И вот однажды, набравшись сверх обычного в компании своего все быстрее стареющего – и, соответственно, все быстрее пьянеющего – содержателя, желтоволосая заговорила, без истерики, нормальным своим, невыразительно нежным голоском, так же, как иногда рассказывала по просьбе совсем одуревшего от похоти старика о других клиентах и своих с ними развлечениях.

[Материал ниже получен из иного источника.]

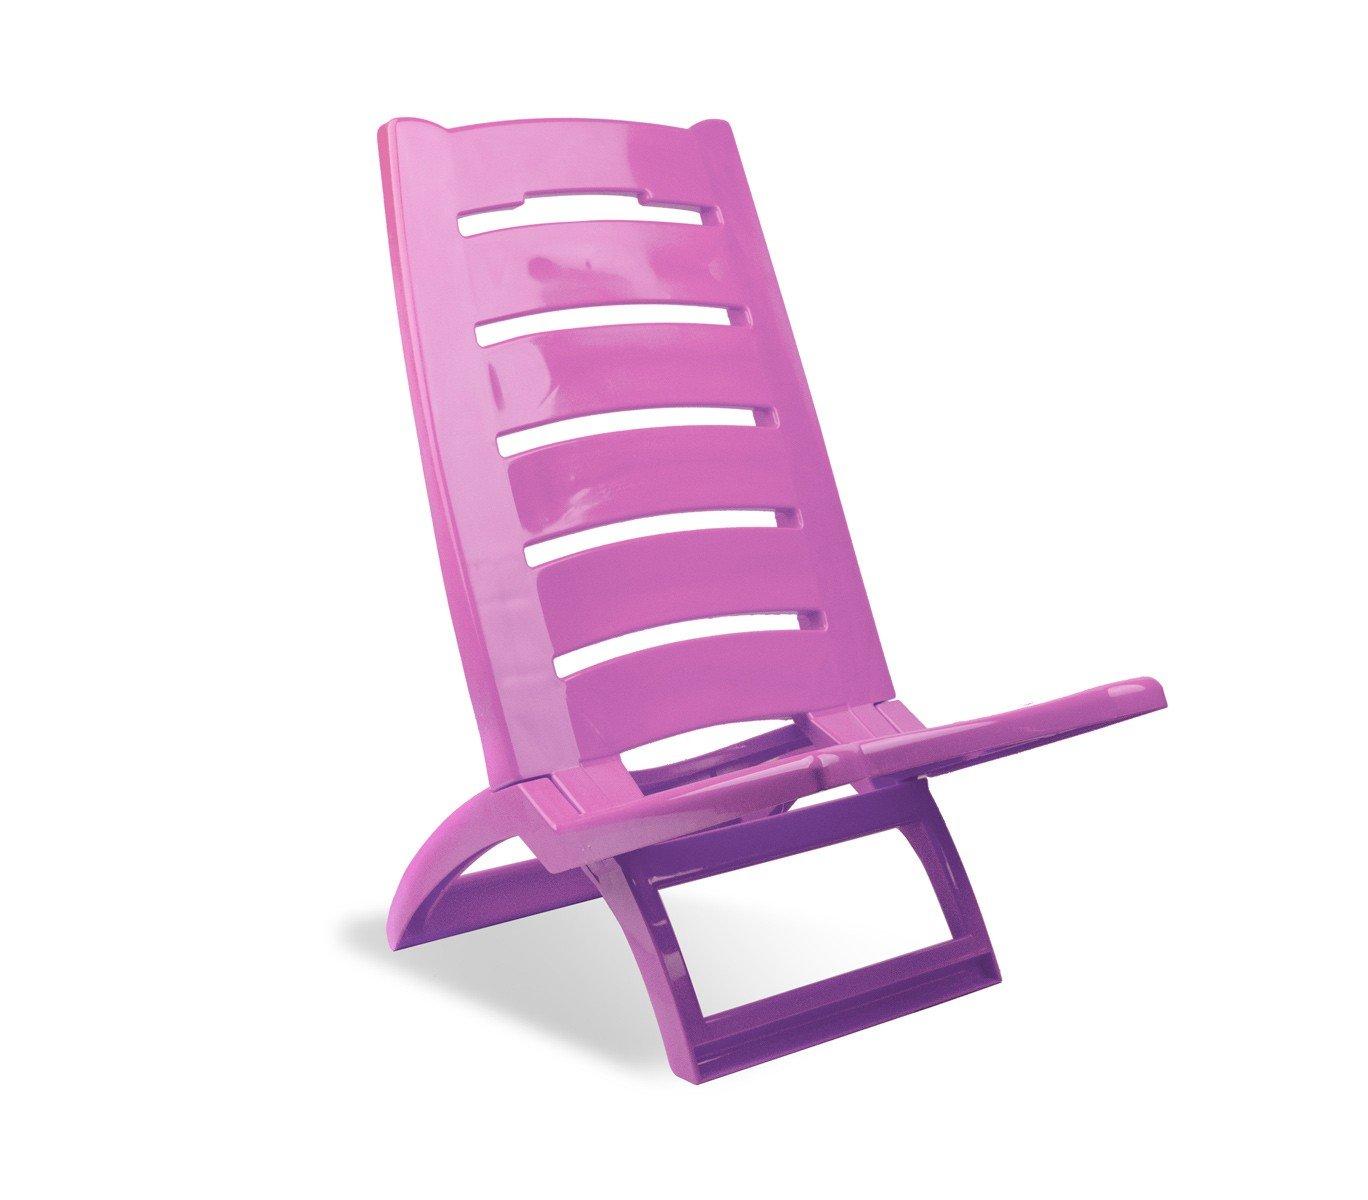 Silla plegable para la playa EVERTOP plástico rígido varios colores 65x38x50 cm - Violeta

«Тогда ведь они могли тебя замочить, – сказала она, – только я с ними договорилась, что вторую дверь снаружи закрою, я им и про нее сказала, а сама не закрыла, так они мне не поверили и сами проволокой замотали, а я пошла и раскрутила, все пальцы изломала, а потом хотела своим ключом все-таки закрыть, надоел ты мне тогда с твоими ухаживаниями, а потом все-таки не закрыла, так что я тебя не только подставила, а спасла, а подставила их, потому что мне одни пацаны две штуки дали, чтобы я их подставила, а что те тебя замочат, этих пацанов даже устраивало, потому что тогда тем по пятнашке, минимум по десятке светило, а так они меньше получили, но я тебя пожалела, а потом и тебя боялась, тебе же не расскажешь все, и пацанов особенно боялась, но они меня не тронули, потому что тут все началось, в газетах и по ящику, и пацанам этого в принципе было достаточно, а я им сказала, что те сами дверь не закрыли, и пацаны мне, не знаю почему, поверили, а потом...»
В то же время, пока я все это излагаю, додумывая на ходу сюжет, в моей собственной жизни продолжает идти реальное (так я думаю) время, и жизнь происходит сама по себе, независимо от моего сюжета.
В этой жизни существует город, ставший за последние годы не просто неузнаваемым, а поменявший даже климат, не то Сочи, не то Нью-Йорк, дикая влажность, все с непривычки ходят потные, липкие, жалуются на давление, а вокруг каждый день меняется картинка, уходят тени знакомой Москвы, случайно свернув в переулок, обнаруживаешь заканчивающуюся стройку, особнячок реконструированный или шикарный гостиничный билдинг в стиле фальшивого русского модерна, понимаешь, что, когда эта новая жизнь устоится окончательно, тебя уже не будет, и не знаешь – радоваться, что не доживешь, или плакать, но скорей все же радоваться, черт с ними, с комфортом и чистотой, которые неизбежно наступят, но та, единственно понятная и находившаяся внутри тебя, как печень или желудок, жизнь исчезла, и правильно будет исчезнуть вслед за нею, только краем глаза посмотрев на новую, уже не твою.
Это фон.
А на переднем плане все своим чередом: служба, неприятности со здоровьем, вызванные как естественными возрастными причинами, так и – в большей степени – совершенно неуверенной жизнью... И однажды я заметил, что становлюсь все больше похож на своего недописанного, но скороговоркой обозначенного героя.